Dataset extract ->
___
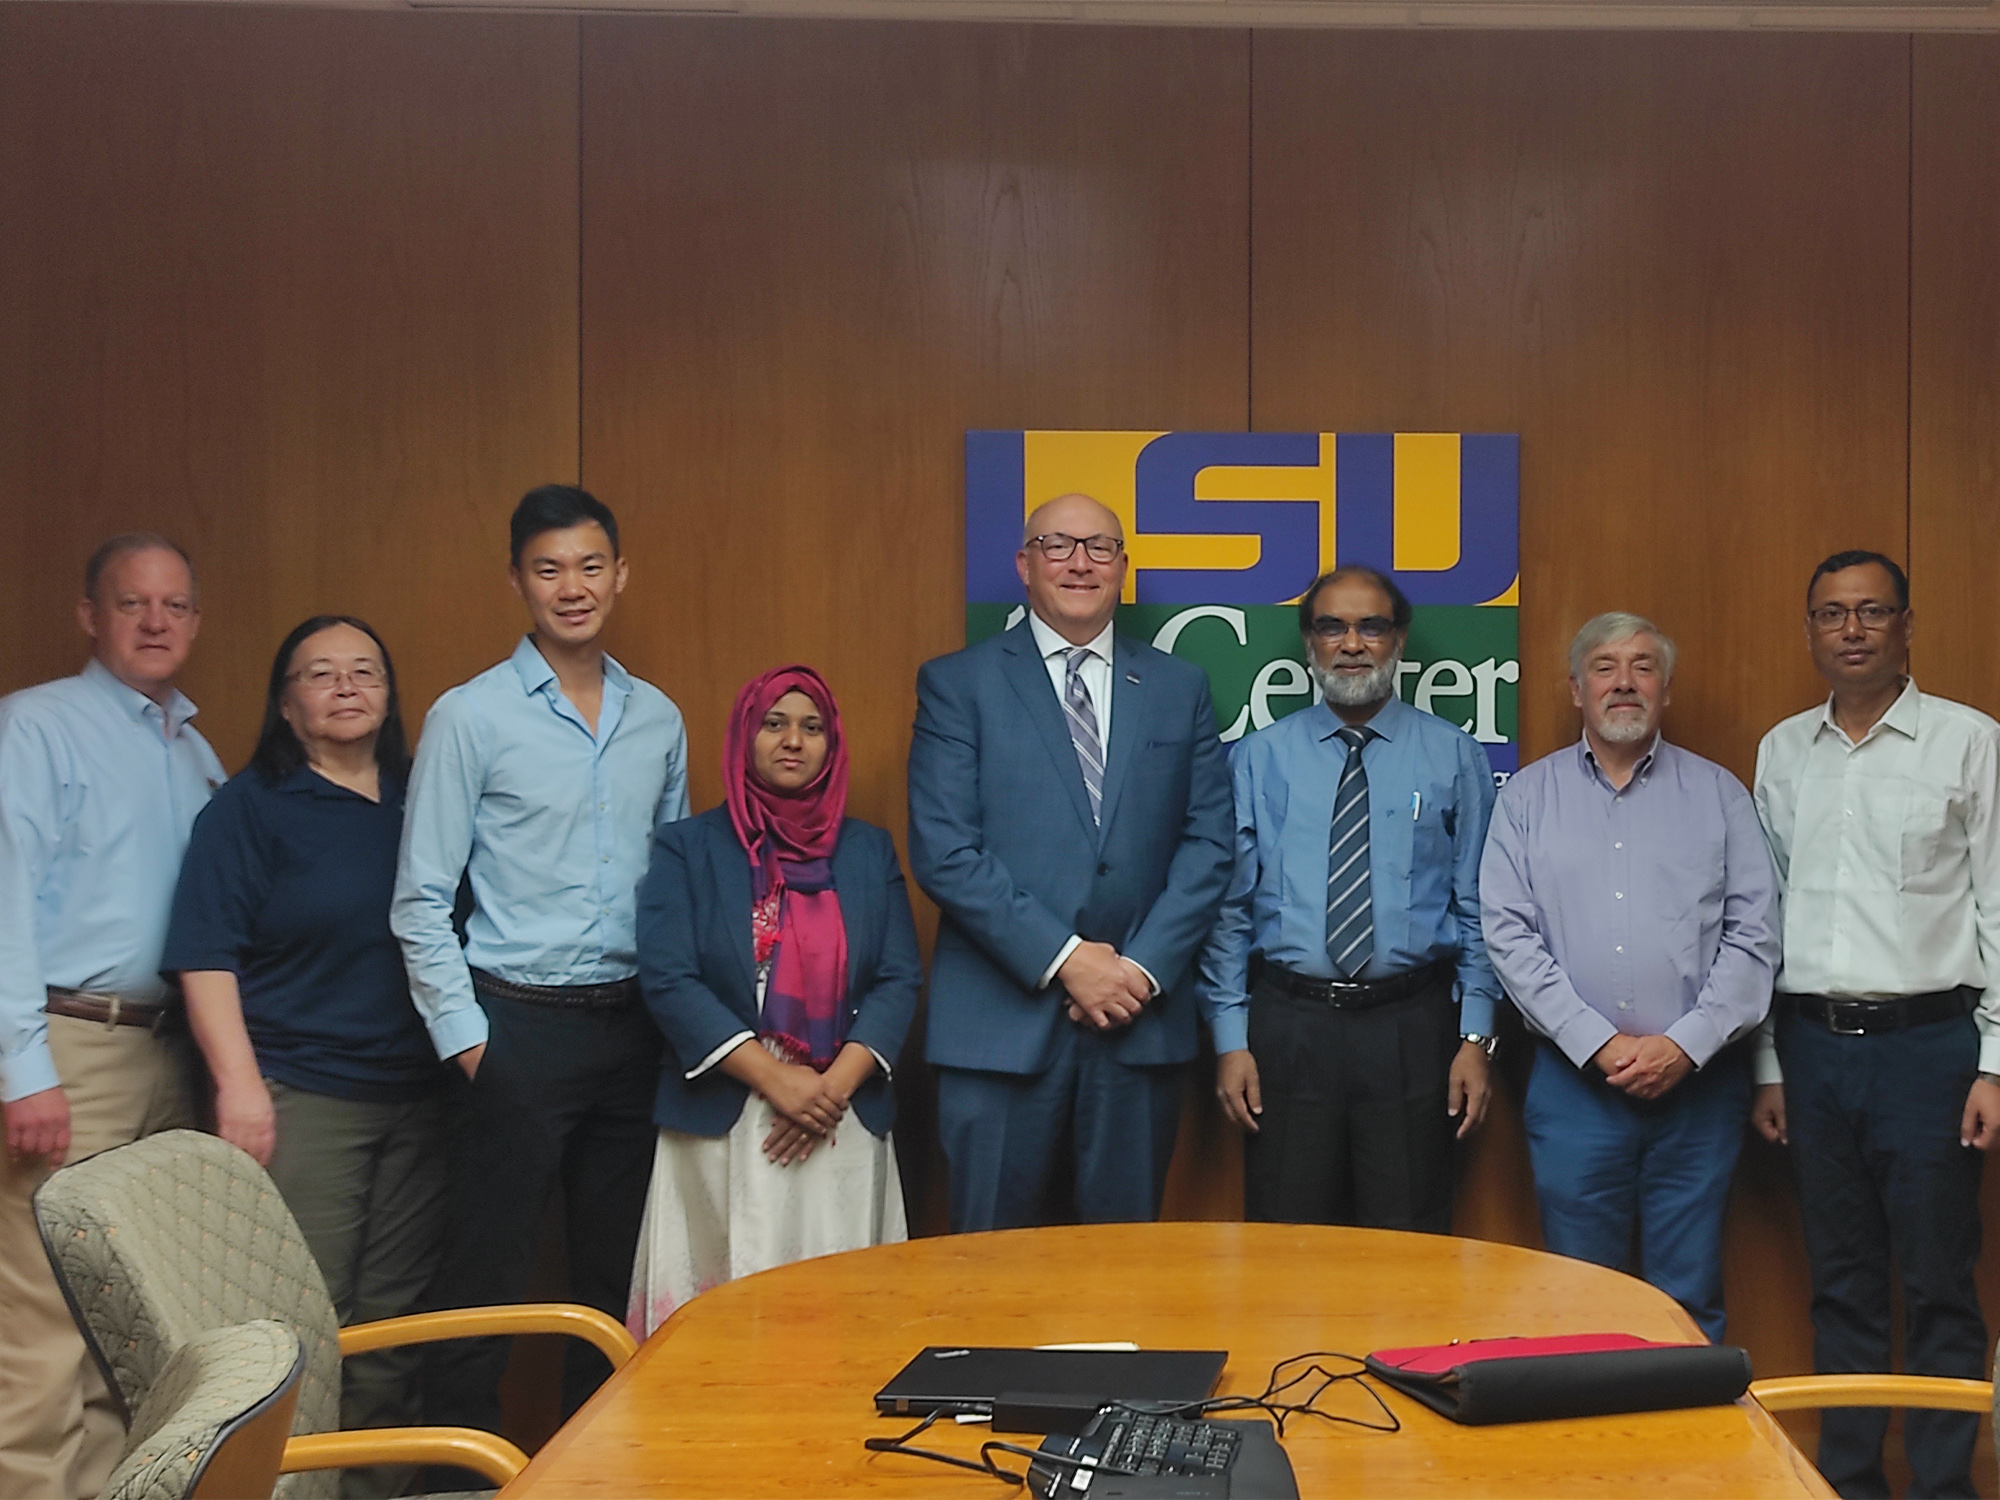 The Fish Innovation Lab team met with the vice president for agriculture and dean of the College of Agriculture, Matt Lee.
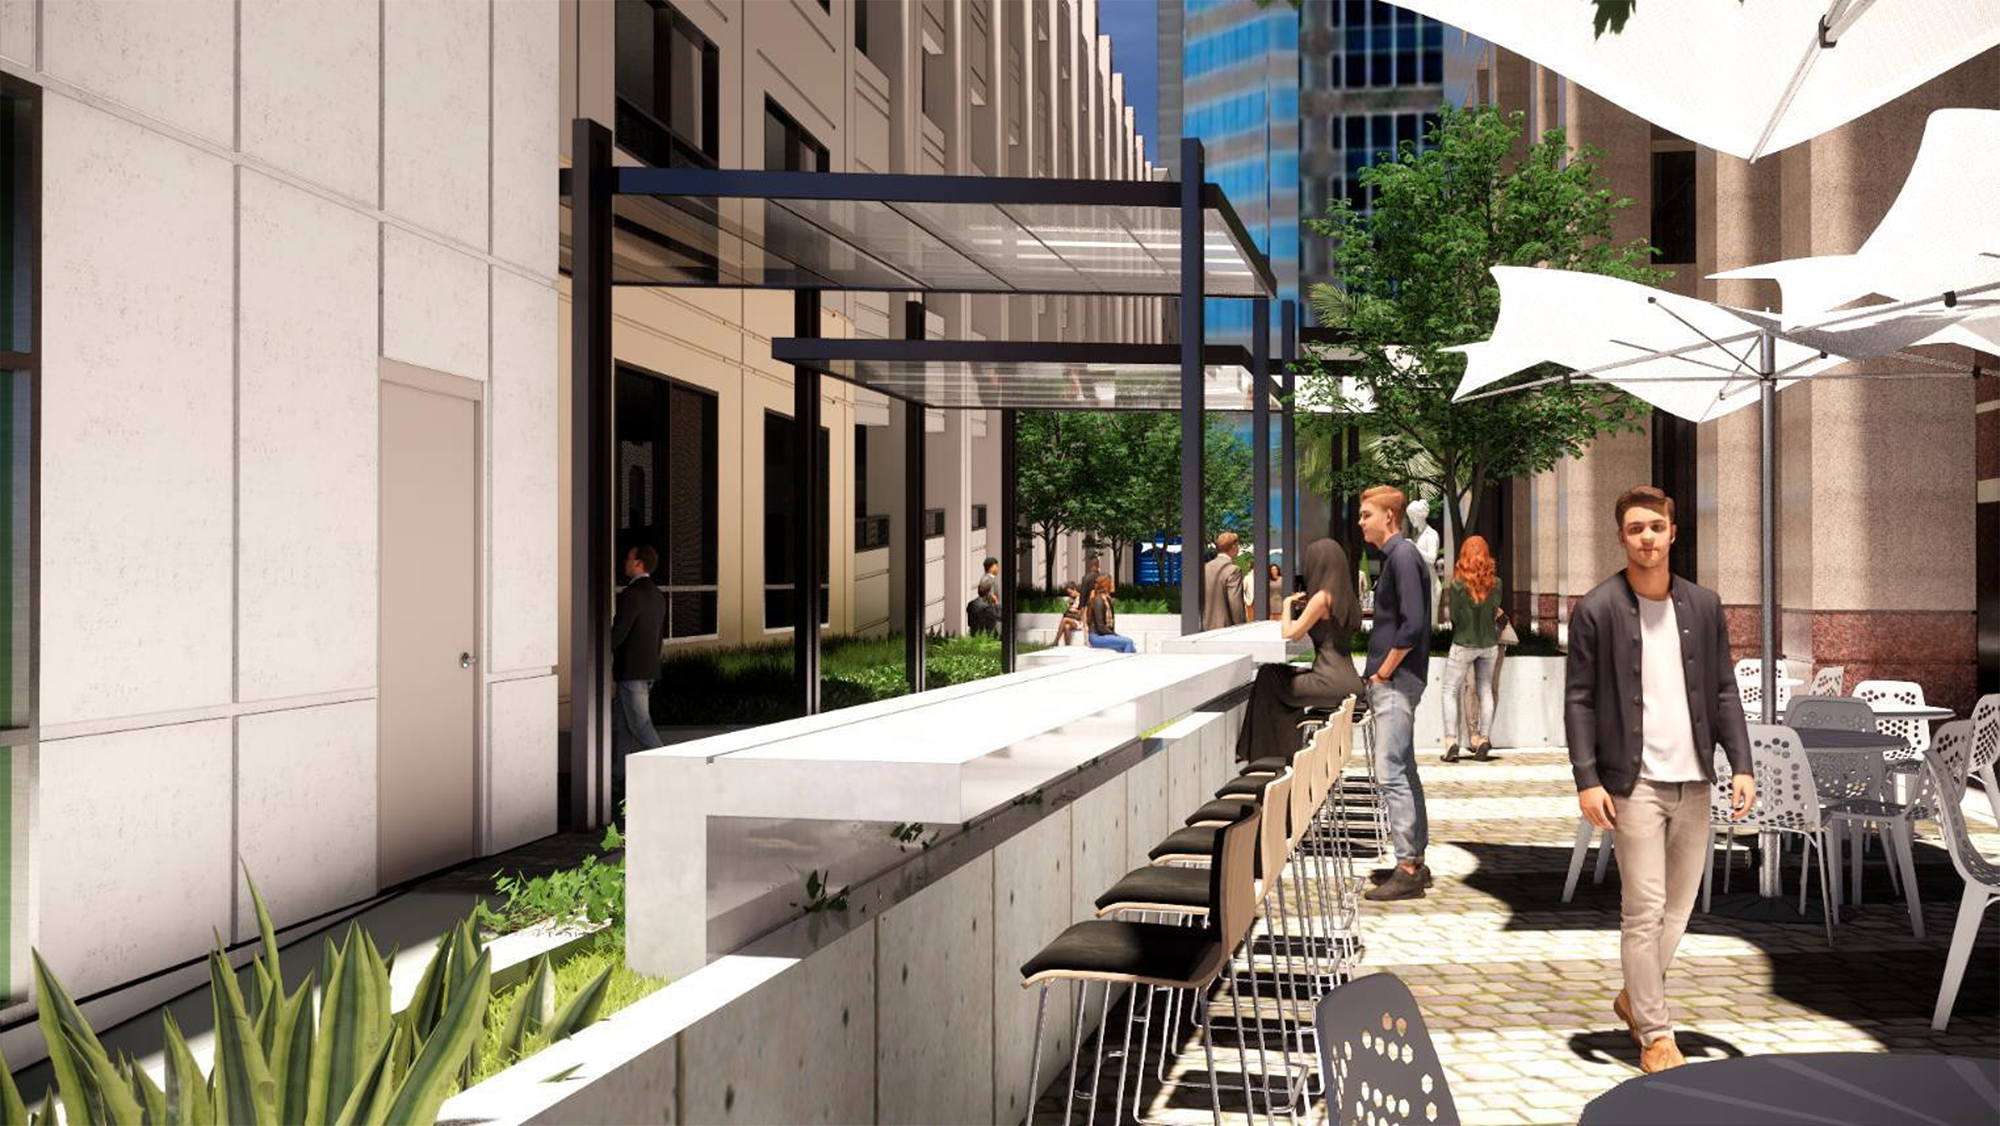 The breezeway will replace the existing alley between the garage and the buildings. The VyStar building at 100 W. Bay St. also will have The Bread & Board restaurant.
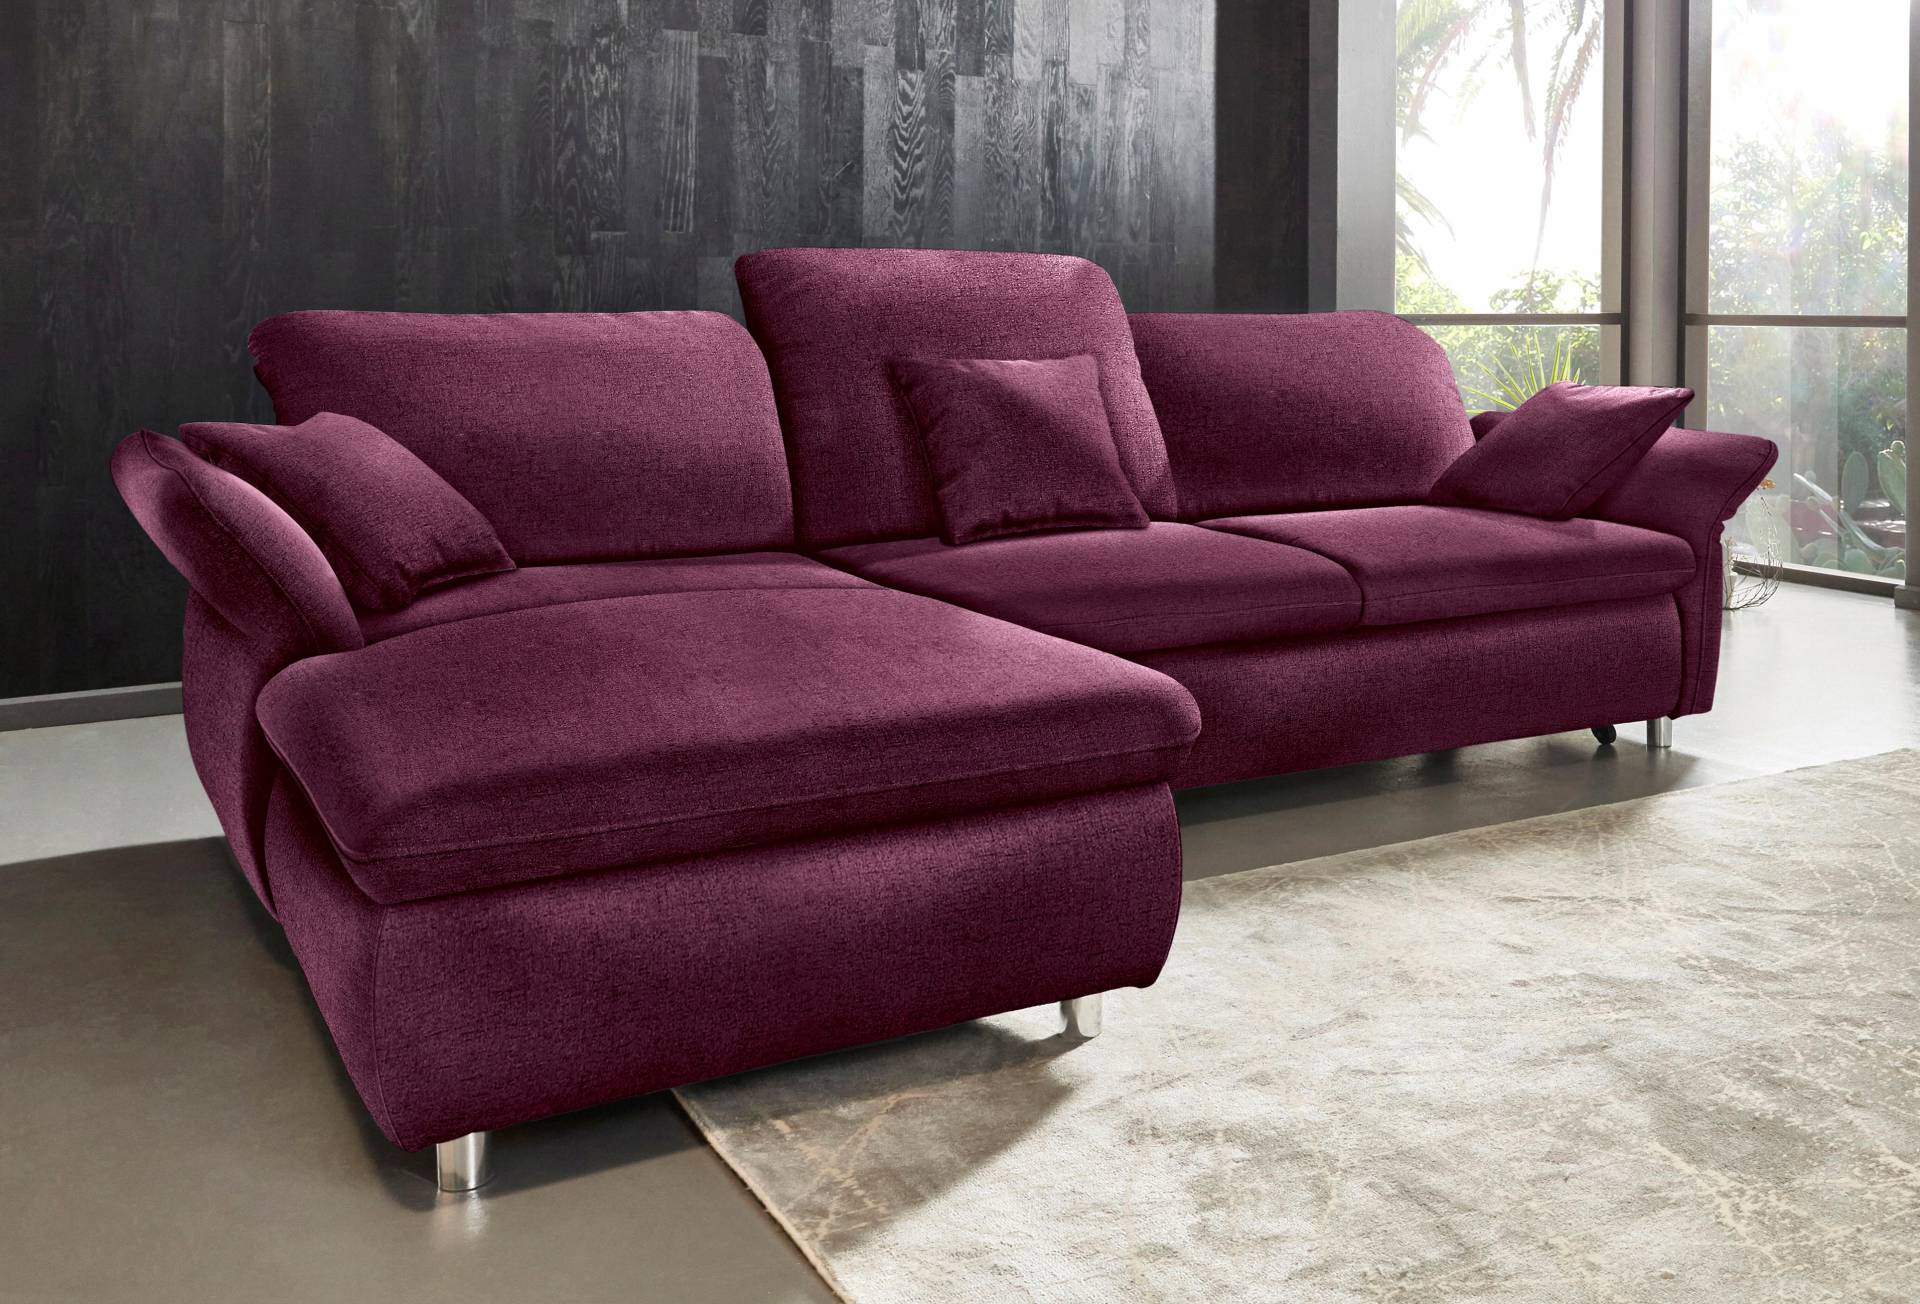 Places of Style Ecksofa »Smoothie L-Form« von PLACES OF STYLE
___
Work to be completed -> No pictures belong in the output. It should reproduce exactly the lines from the one containing "The breezeway will" through the end of the data, both ends included.

Task result ->
 The breezeway will replace the existing alley between the garage and the buildings. The VyStar building at 100 W. Bay St. also will have The Bread & Board restaurant.
 Places of Style Ecksofa »Smoothie L-Form« von PLACES OF STYLE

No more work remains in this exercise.